I guess that’s where the ergonomics kick in and break it for me. I gotta mention that I wear glasses, so everything not in the center of my vision is basically blurred. Which means lots of head turning with dual or wide screens.
I found something with an effective resolution of about 2560x1440 to be a sweet spot, where I can fit windows needed for a single task in one screen. Provided those windows don’t waste too much space with unnecessary stuff of course.
Gotcha. I must admit on Linux especially where I just have Ctrl+1, Ctrl+2, Ctrl+3 mapped to virtual desktops, I'm not unhappy on a single screen. I'm just aware that 20 years ago when it started to become more common, it was one of the few completely black and white productivity gains you could get as a programmer (alongside solid state disks). Seems odd if that doesn't hold in general today.
I quickly realized I absolutely hate setups with multiple monitors, when I was given one at work. I quickly gave back my second monitor, because it just made it worse for me, and additionally wasted space on my desk. If you want to improve my circumstances at work, give me a bigger monitor, not more of them.
I've never used multiple monitors. I've also never talked about that fact, because why would I? Only people who use multiple monitors have reason to talk about them, so discussion is biased in favor of seeming like people use them.
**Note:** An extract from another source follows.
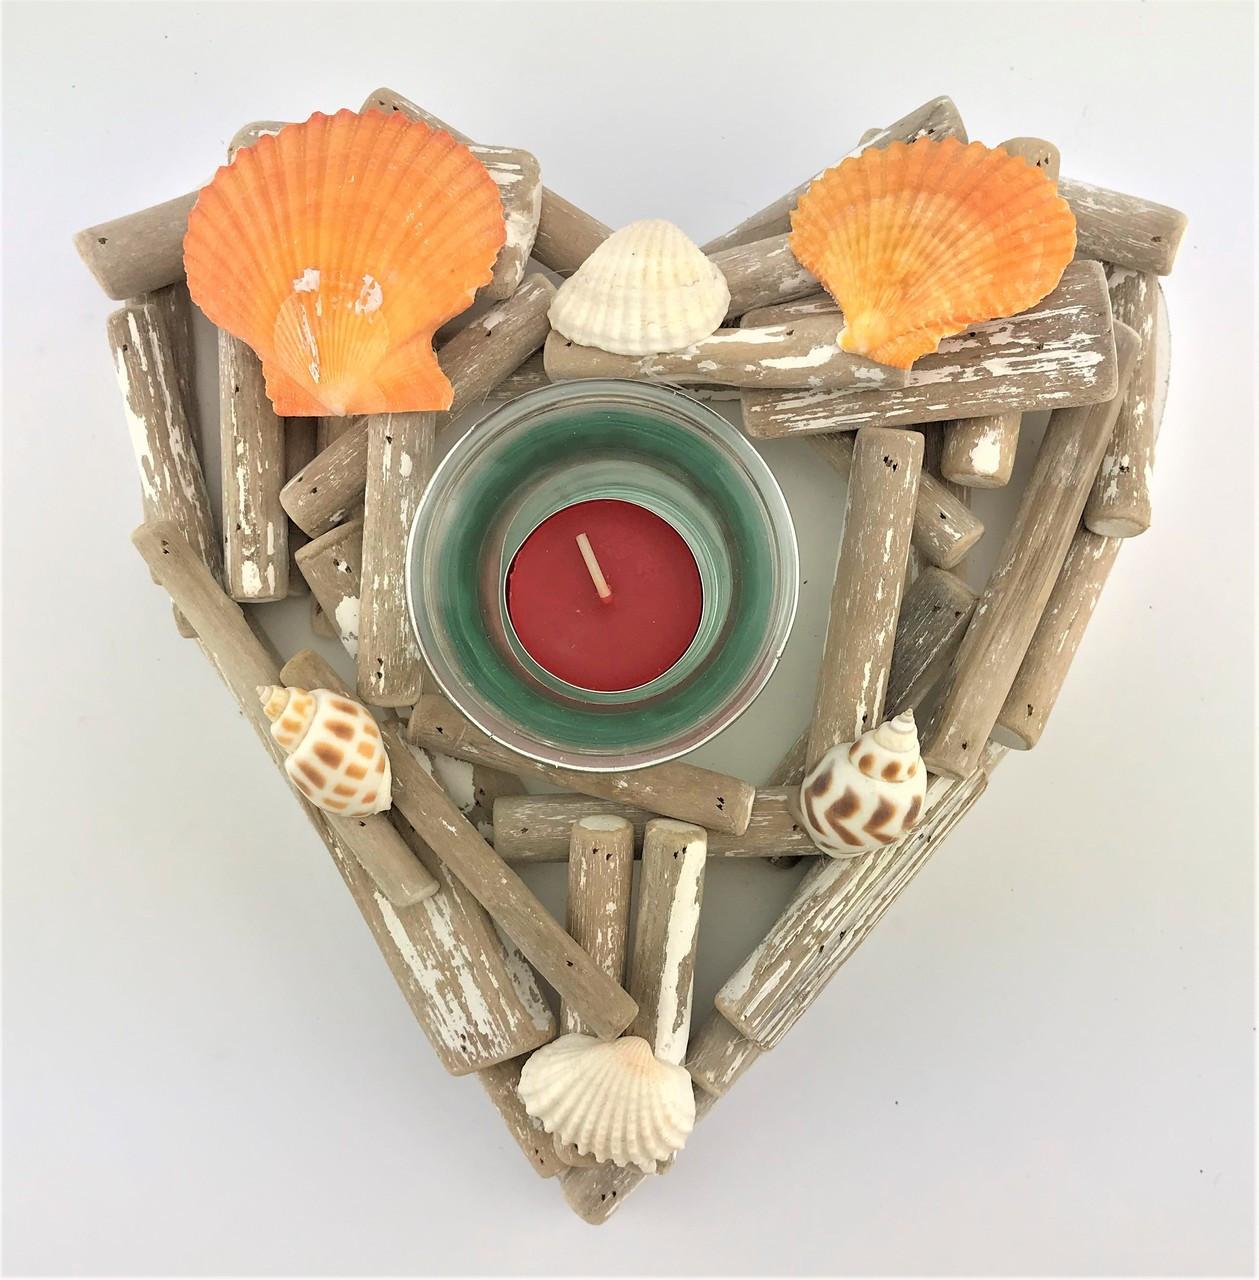 SINGLE CANDLE HOLDER HEART - DRIFTWOOD 15CM

(I've never even tried multiple monitors. I could immediately think of several reasons why they would not be an improvement for me, so made a quick decision in 1998 and moved on.)
It's interesting because traditionally "gold plating" can have connotations of overdoing something, making something slow and expensive that could have been simpler.
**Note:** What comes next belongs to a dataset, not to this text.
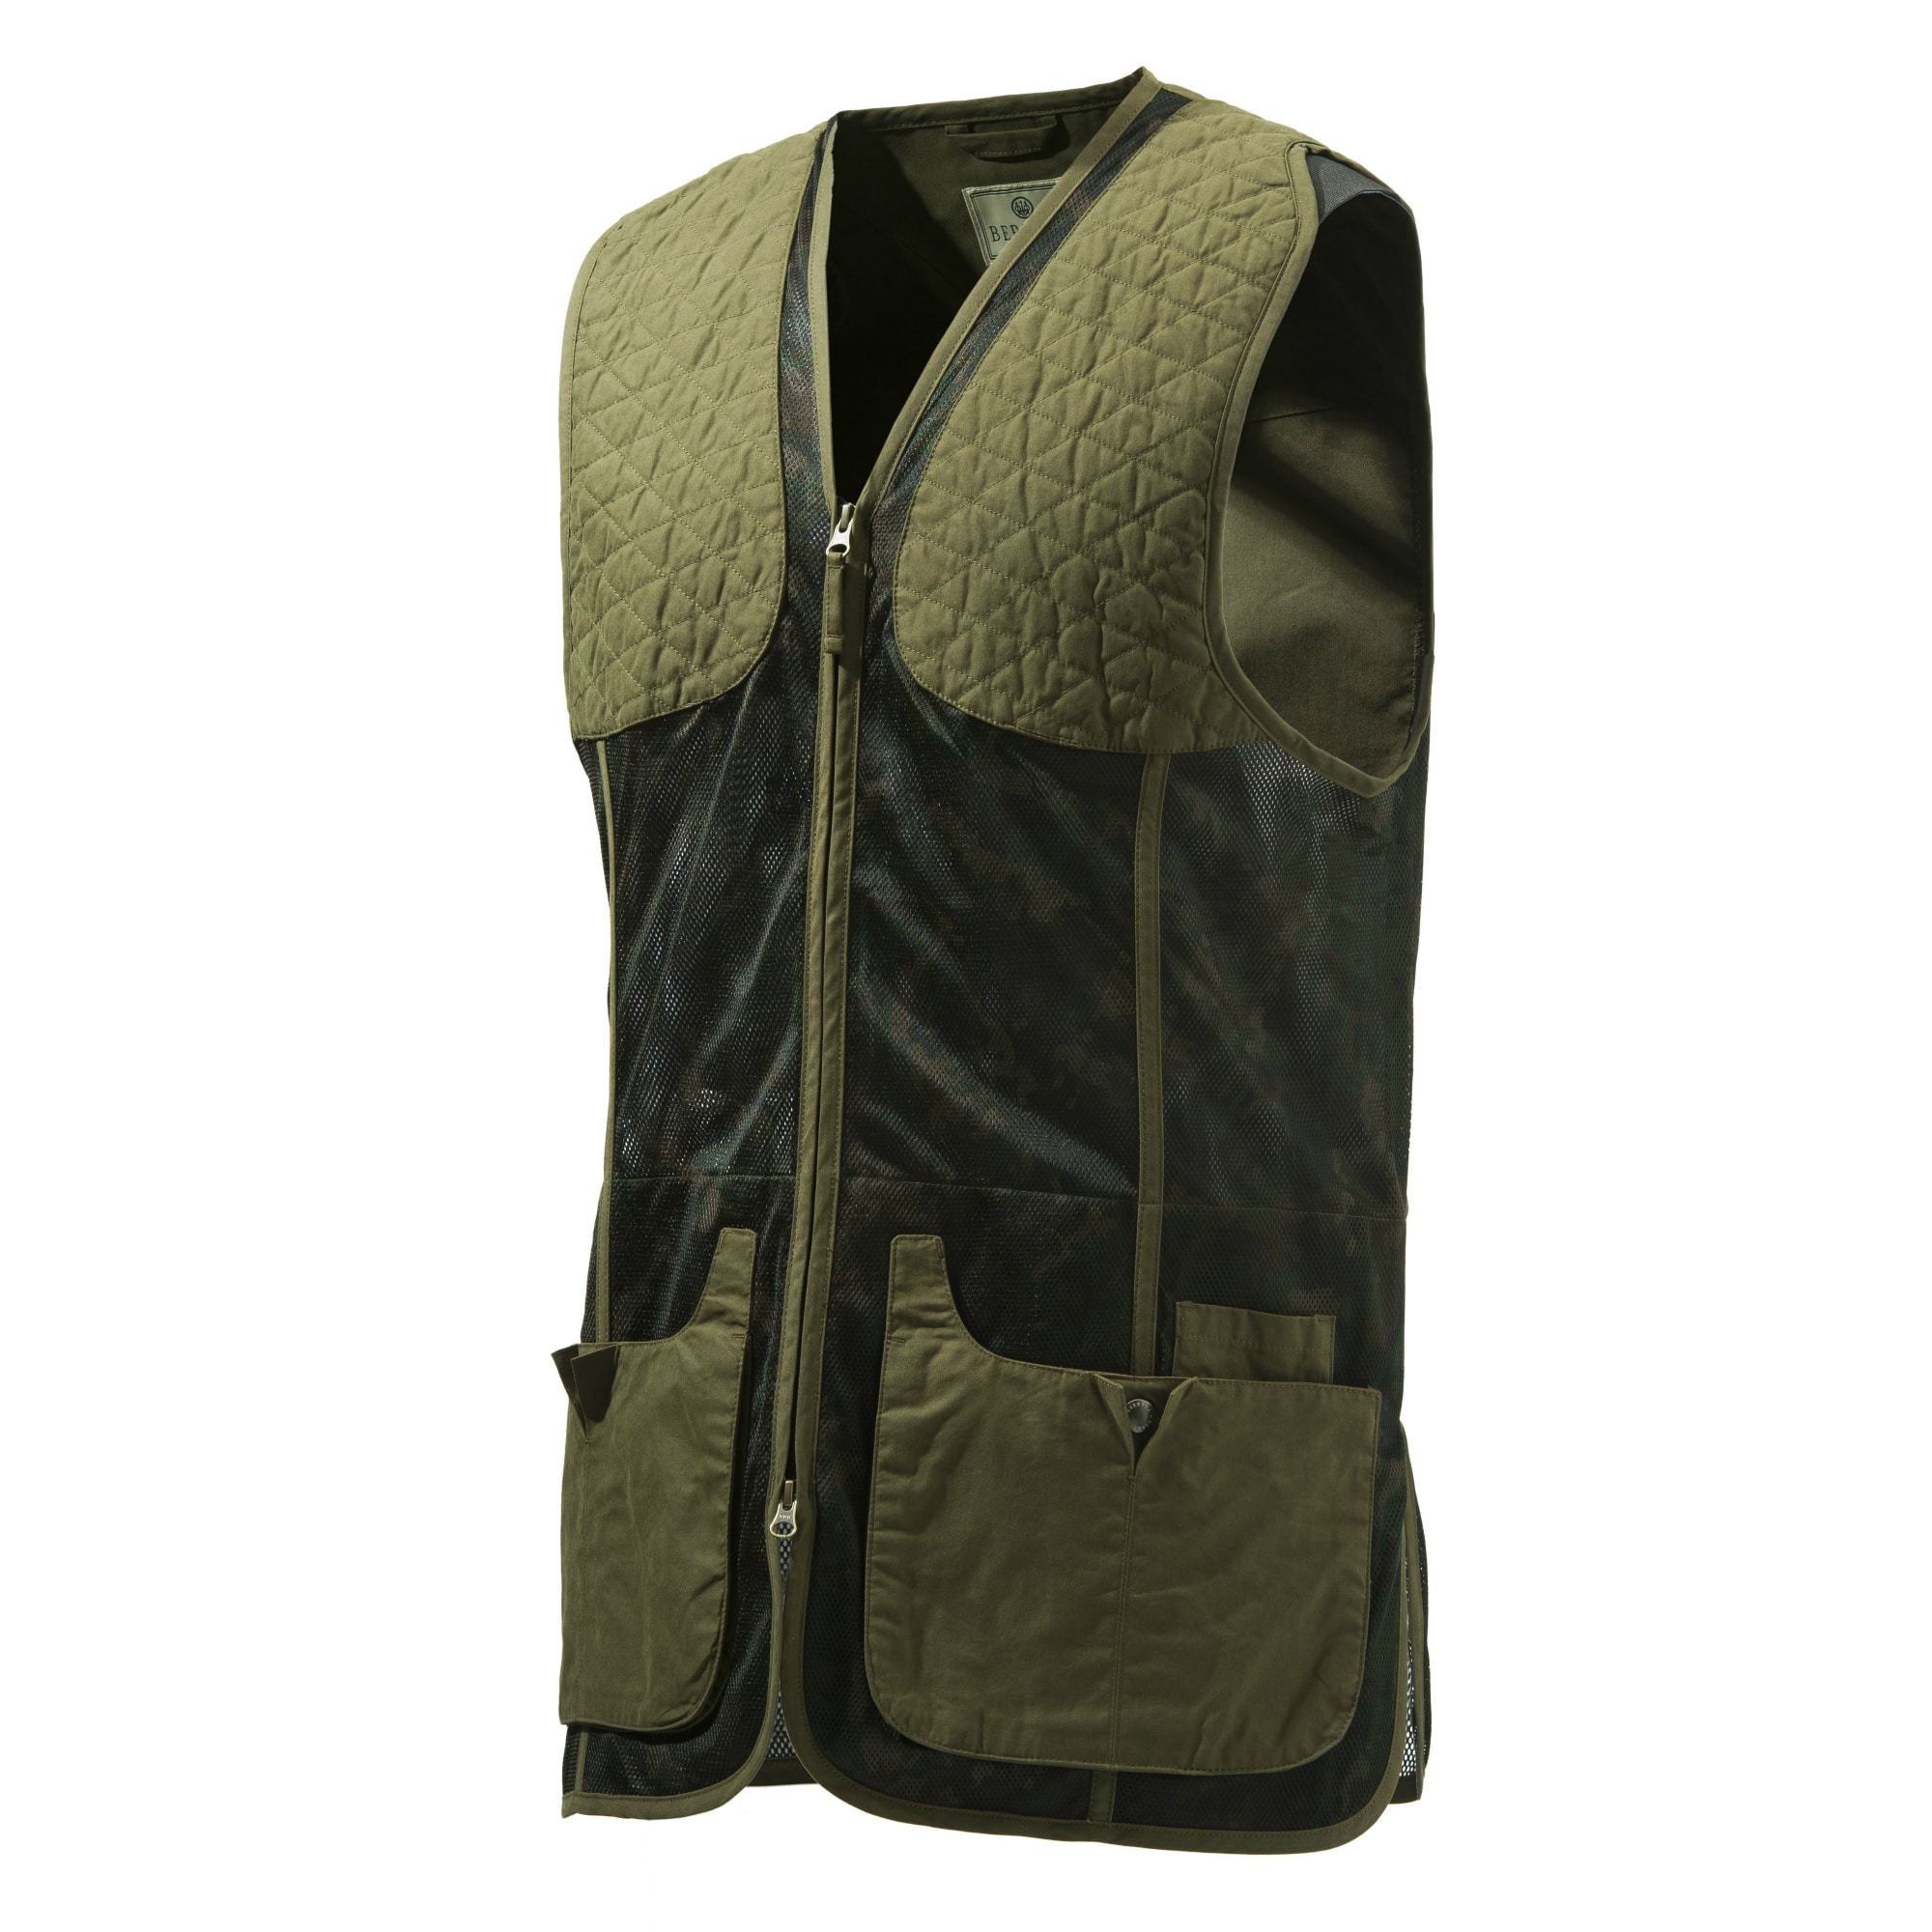 Beretta Urban Camo Mesh Clay Shooting Skeet Vest

That would be how outsiders see those who don't shirk the extra work that goes into building their own infrastructure to escape the merchants of convenience.
When I stay up late and go on a walk after morning coffee I just walk like a zombie then fall asleep for the rest of the day. I think it is rationalization, maybe something else changed for the better and then you'd both want to go for a walk and also sleep better.
It makes me deeply happy to hear success stories like this for a project that's moving in the correctly opposite direction to that of the rest of the world.
Engildification. Of which there should be more!
My soul was also satisfied by the Sleeping At Night post which, along with the recent "Lie Still in Bed" article, makes for very simple options to attempt to fix sleep (discipline) issues.